Currently, consumers have inclined towards the plant-based diet which consists of cereal, legumes, seeds, nuts, fruits, and vegetables and also for various reasons which include a strong aversion to animal ruthlessness, a craving for a healthy standard of living and the healthy consciousness of our environment. A wide variety of tendencies like veganism, vegetarianism, lacto-vegetarianism, and ovo-vegetarianism have come birth. Veganism which defines us as not consuming any kind of meats, sea foods, milk or dairy products, eggs, honey or other products that contains any amount of these foods. Plant-based milk alternatives are one of the food groups that anyone cannot deny in the vegan food industry [4] , because plant-based milk replacements play a vital role in lots of vegan food products such as plant-based yogurt, cheese, kefir, butter and ice cream, etc. In addition to that, plant-based milk substitutes are greatly needed for those who are having an intolerance to lactose or someone allergic to cow’s milk [5] . Hence nowadays the formulation of chocolate with plant-based milk has increased greatly. Gatade et al. 2009 have prepared the soymilk chocolate as nutritionally equivalent to milk chocolate [6] . Plant-based milk substitutes have significant benefits such as rich source of antioxidants [4] [7] [8] and fatty acids which can even reduce the risk of heart disease, cancer, atherosclerosis, and diabetes [9] [10] .

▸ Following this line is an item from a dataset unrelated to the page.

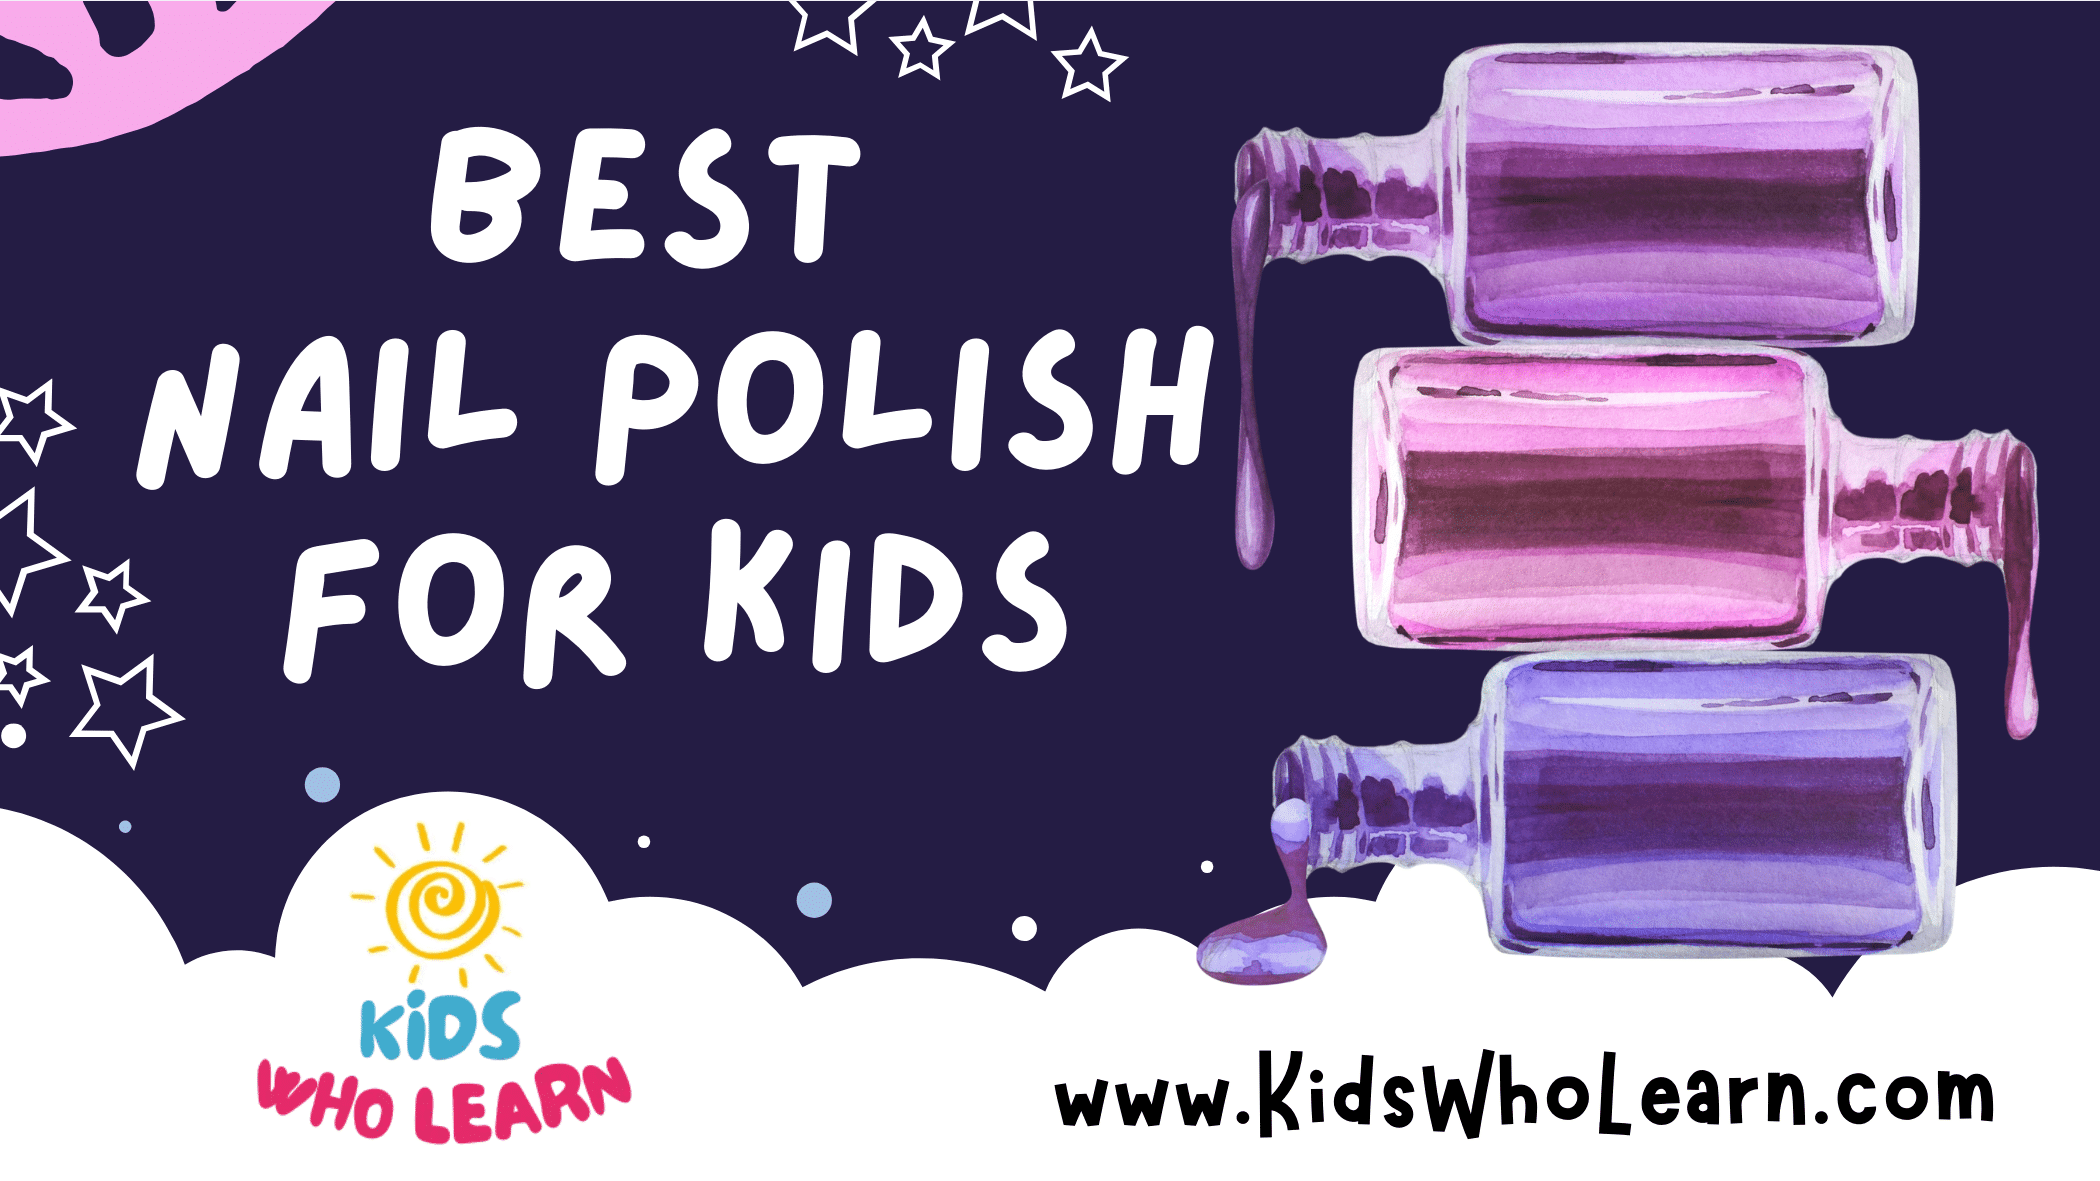 The Best Nail Polish for Kids: For Pretty Nails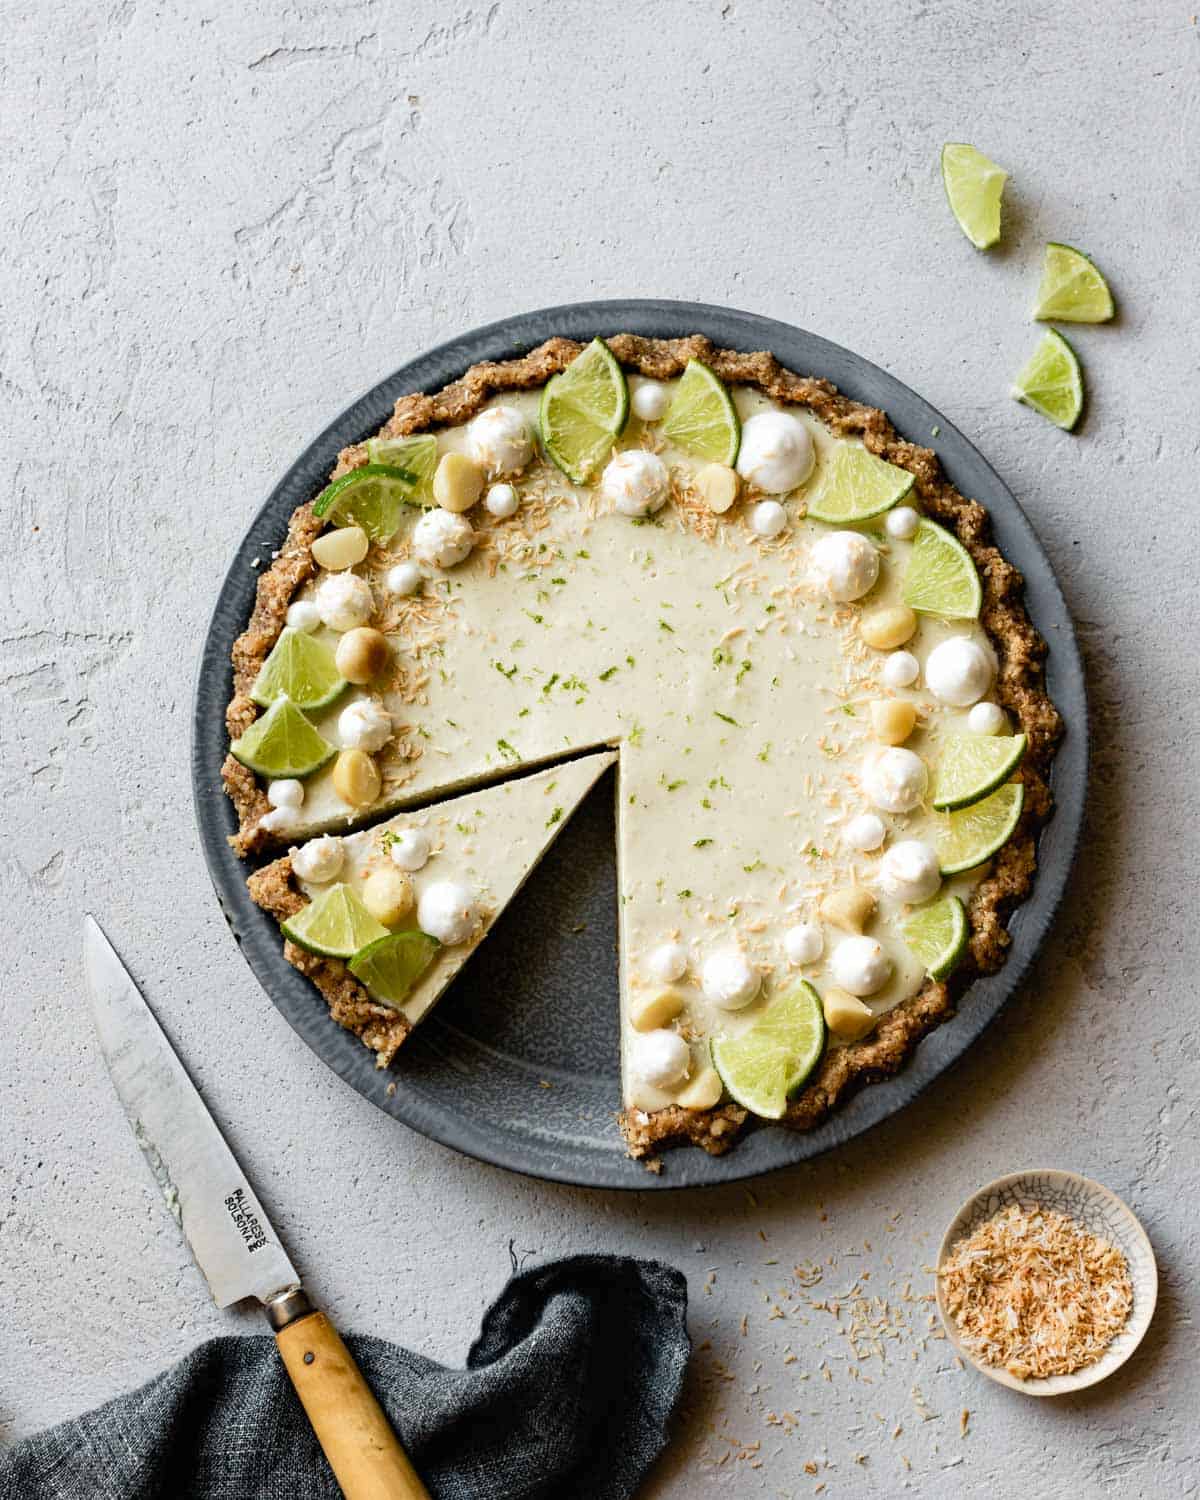 lime tart decorated with lime wedges, coconut, and macadamia nuts, over head on plaster surface

Legume-based beverages compromise several nutritional benefits over dairy products with isoflavones, phytosterols, polyphenols and prebiotic oligosaccharides. They are inexpensive, refreshing and nutritional beverage with different functionally active component responsible for their beneficial interactions inside the body [11] . The plant-based milk substitute begins with the Soybean formerly in China before 2000 years which was the most prominent beverage that provides nutrients in the scarce inhabitants followed by Peanut. Peanut is the second most non-dairy beverages which partake the important consumption in the low-income groups, malnourished children, vegans, and populations having cow’s milk allergy thereby increasing the development of the world [12] [13] .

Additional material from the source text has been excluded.